I'd like the data beneath this line reproduced exactly, without any of its images.

*** Opening Source material ***

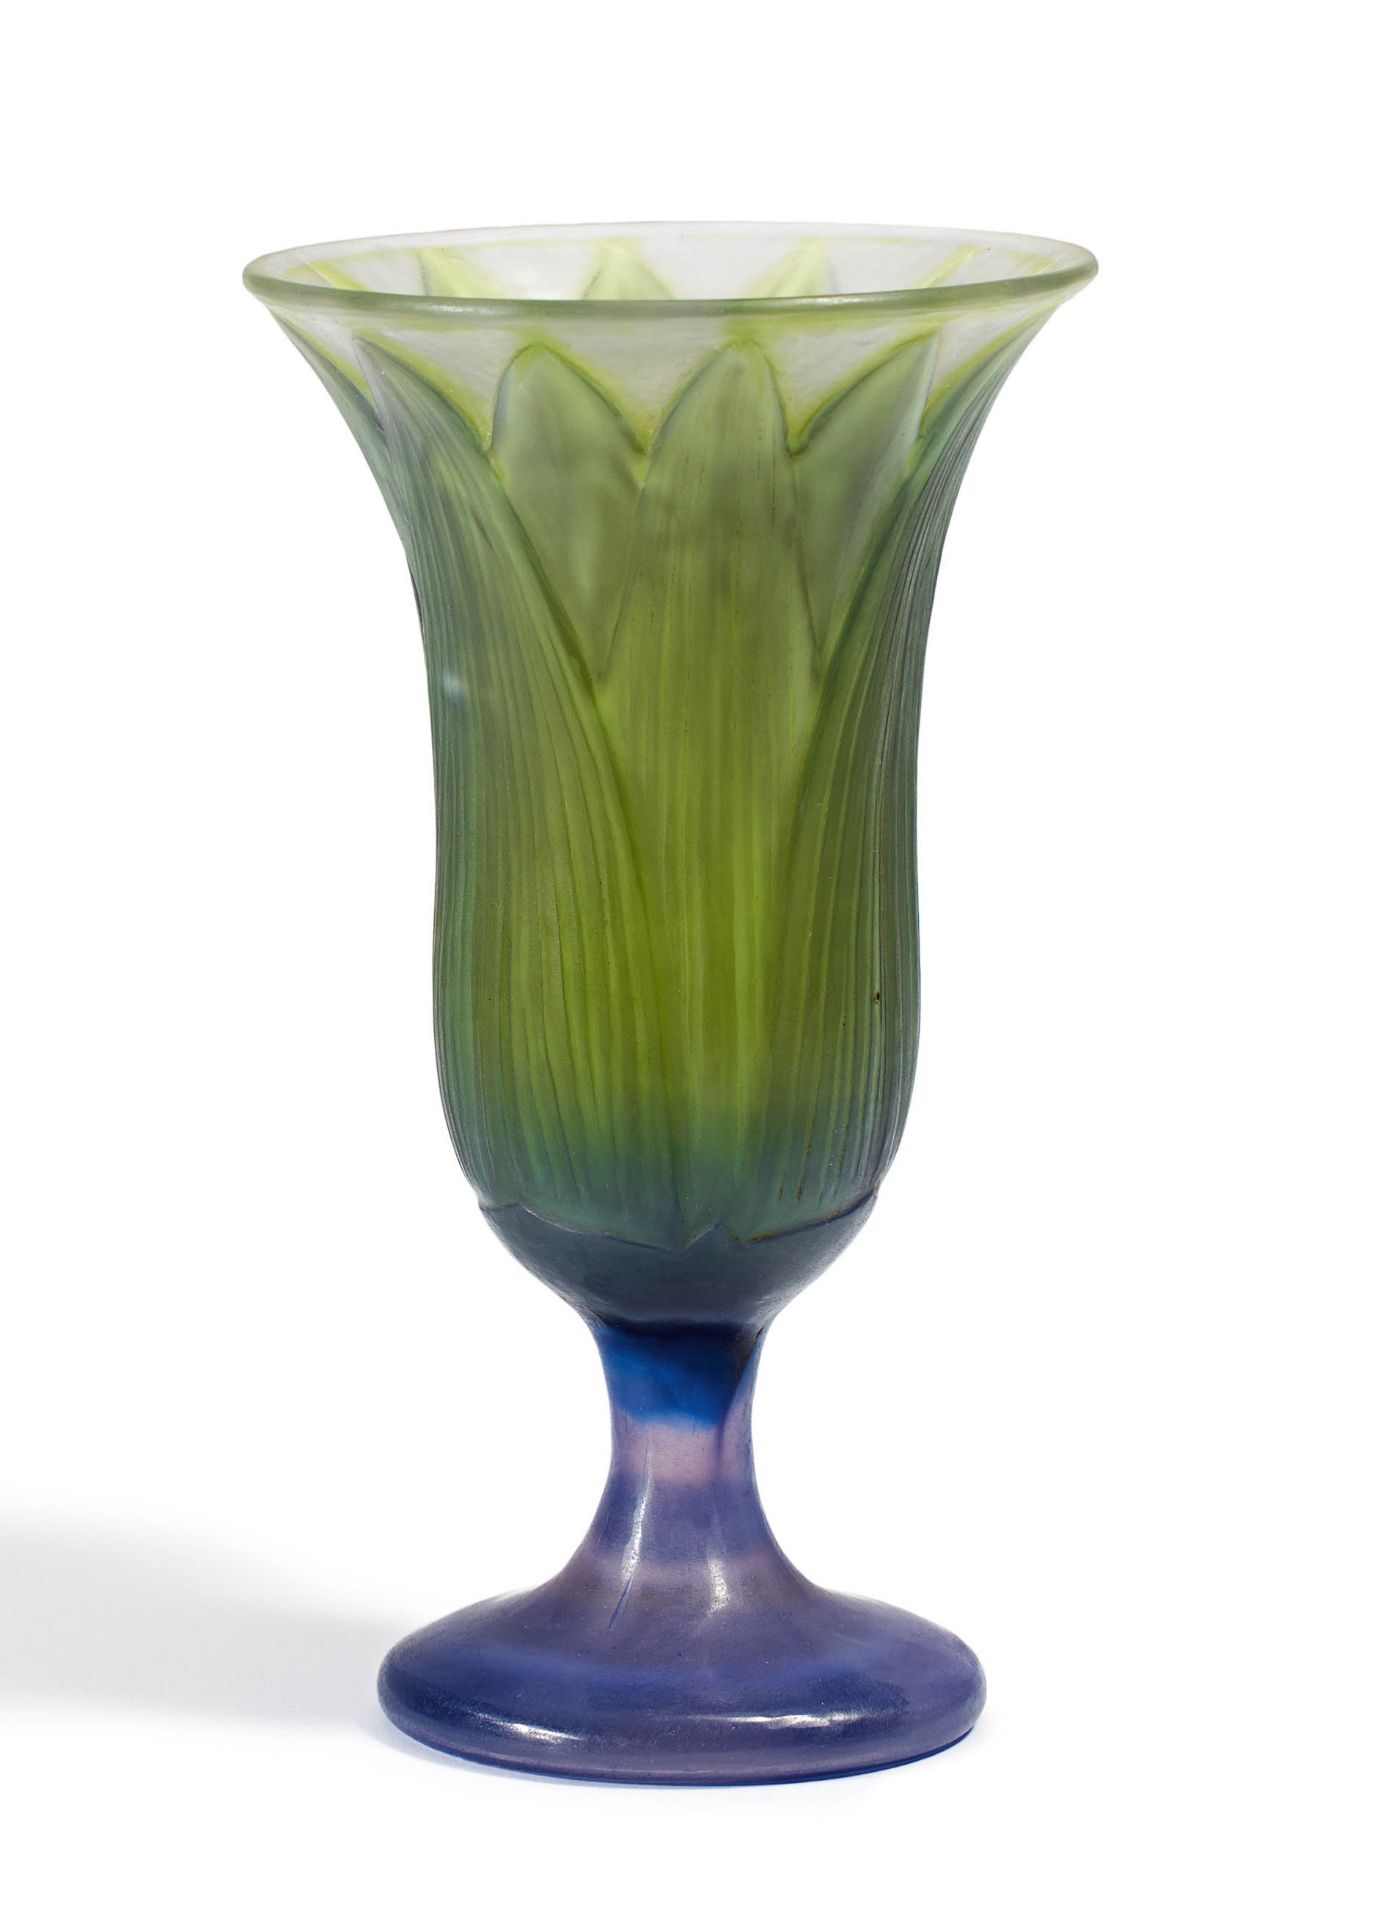 Stem glass with lotus petals
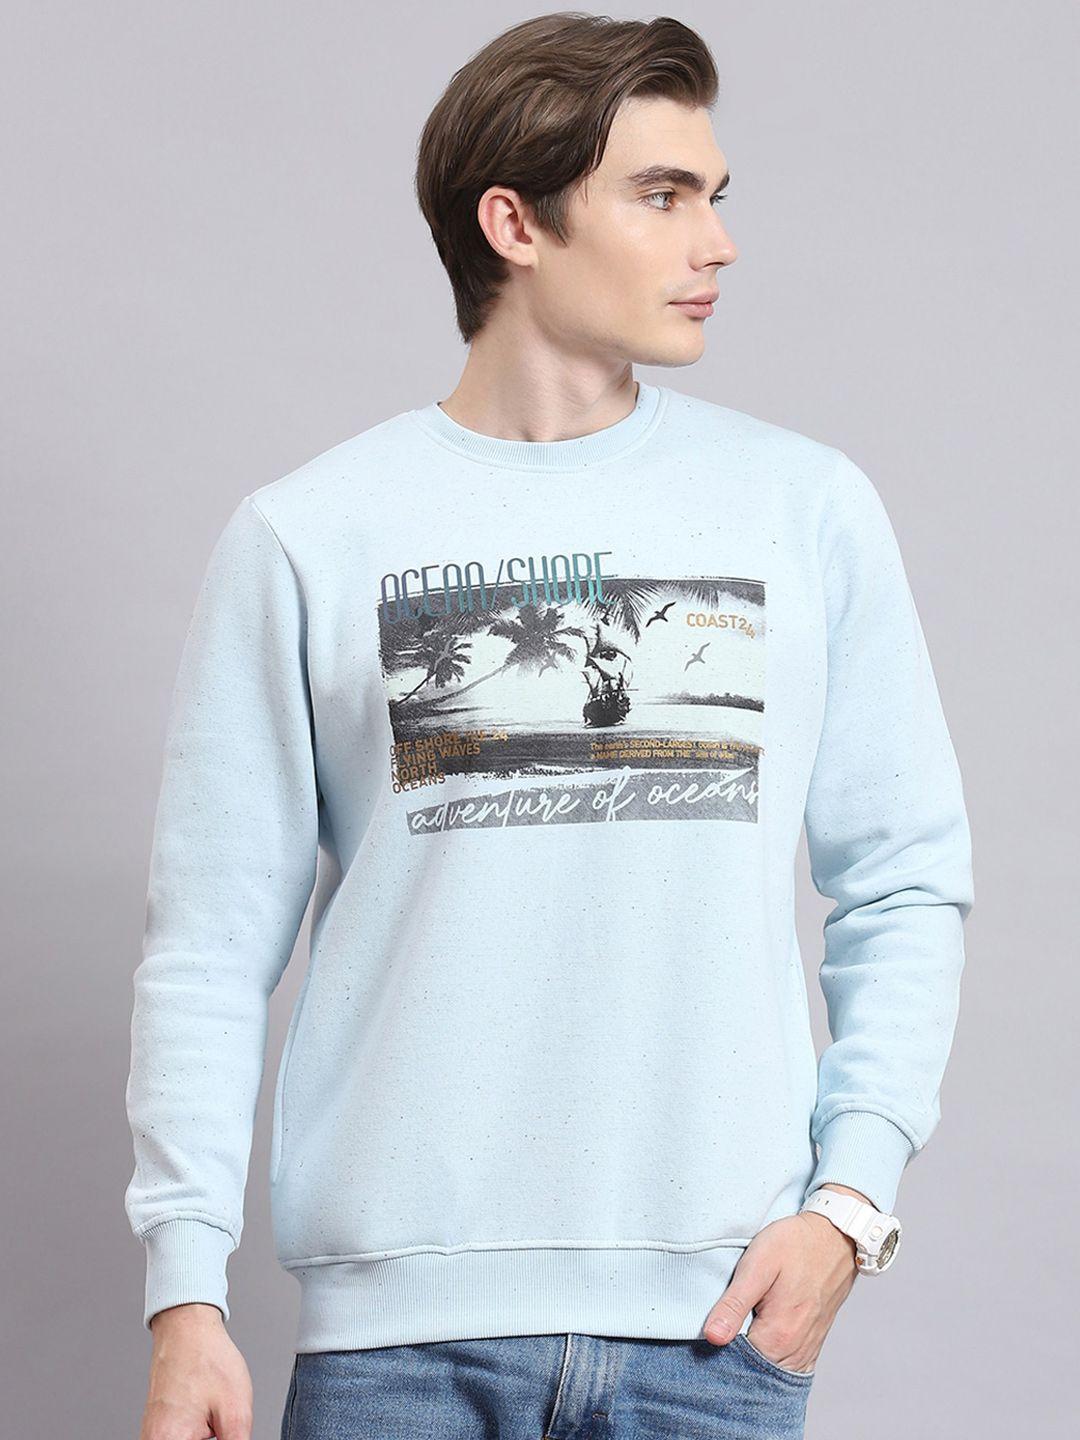 monte-carlo-graphic-printed-round-neck-cotton-pullover-sweatshirt
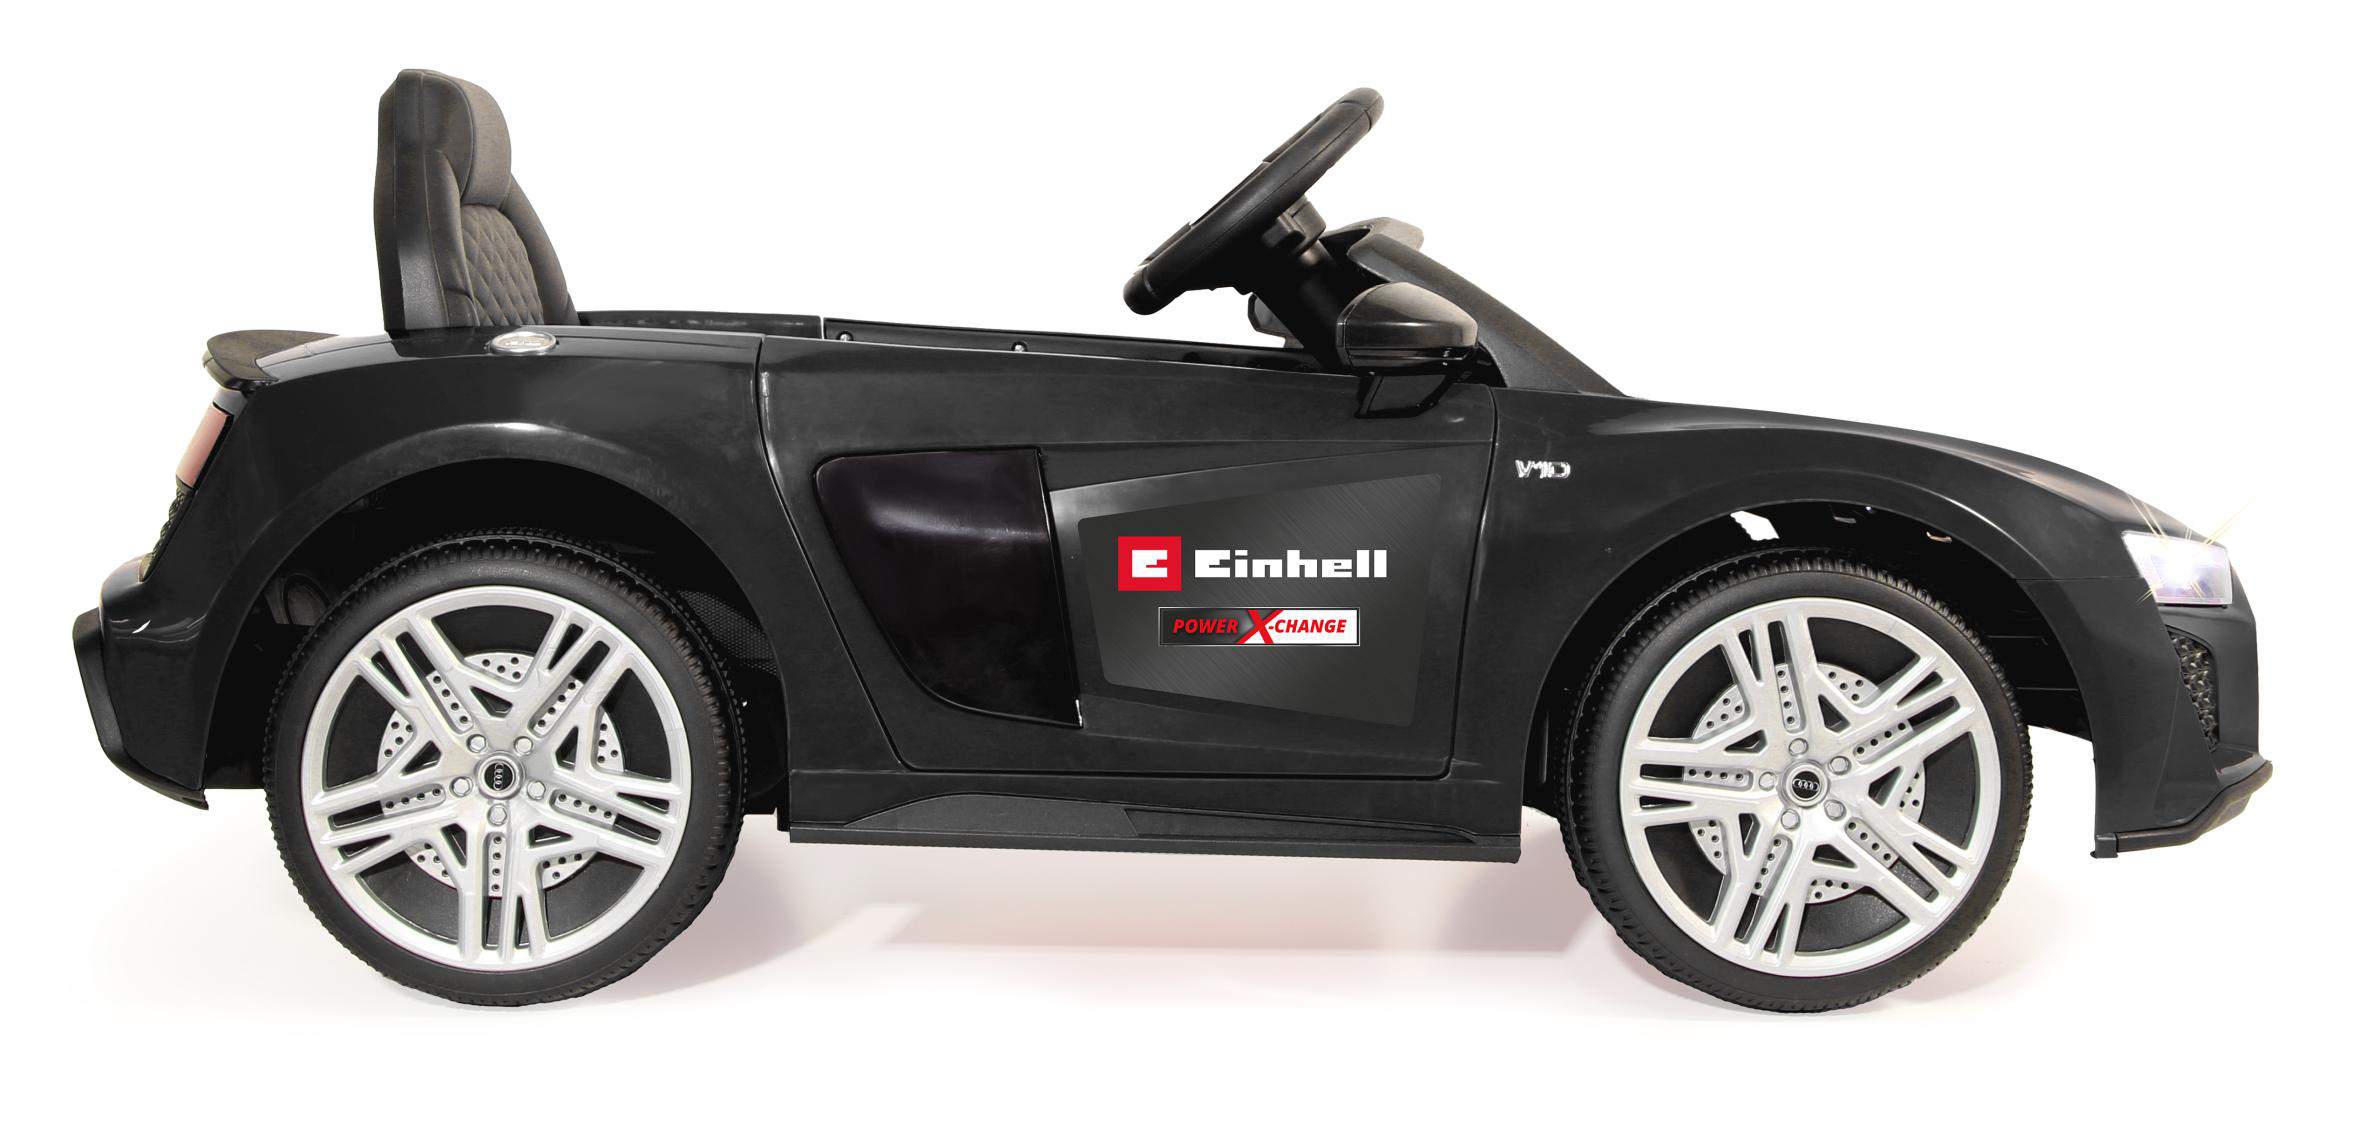 JAMARA KIDS 18V Ride-on Elektrofahrzeug Set Audi X-Change R8 Spyder inkl. Einhell Starter Schwarz schwarz Power

*** Closing Source material ***

- Exercise result
 Stem glass with lotus petals
 monte-carlo-graphic-printed-round-neck-cotton-pullover-sweatshirt
 JAMARA KIDS 18V Ride-on Elektrofahrzeug Set Audi X-Change R8 Spyder inkl. Einhell Starter Schwarz schwarz Power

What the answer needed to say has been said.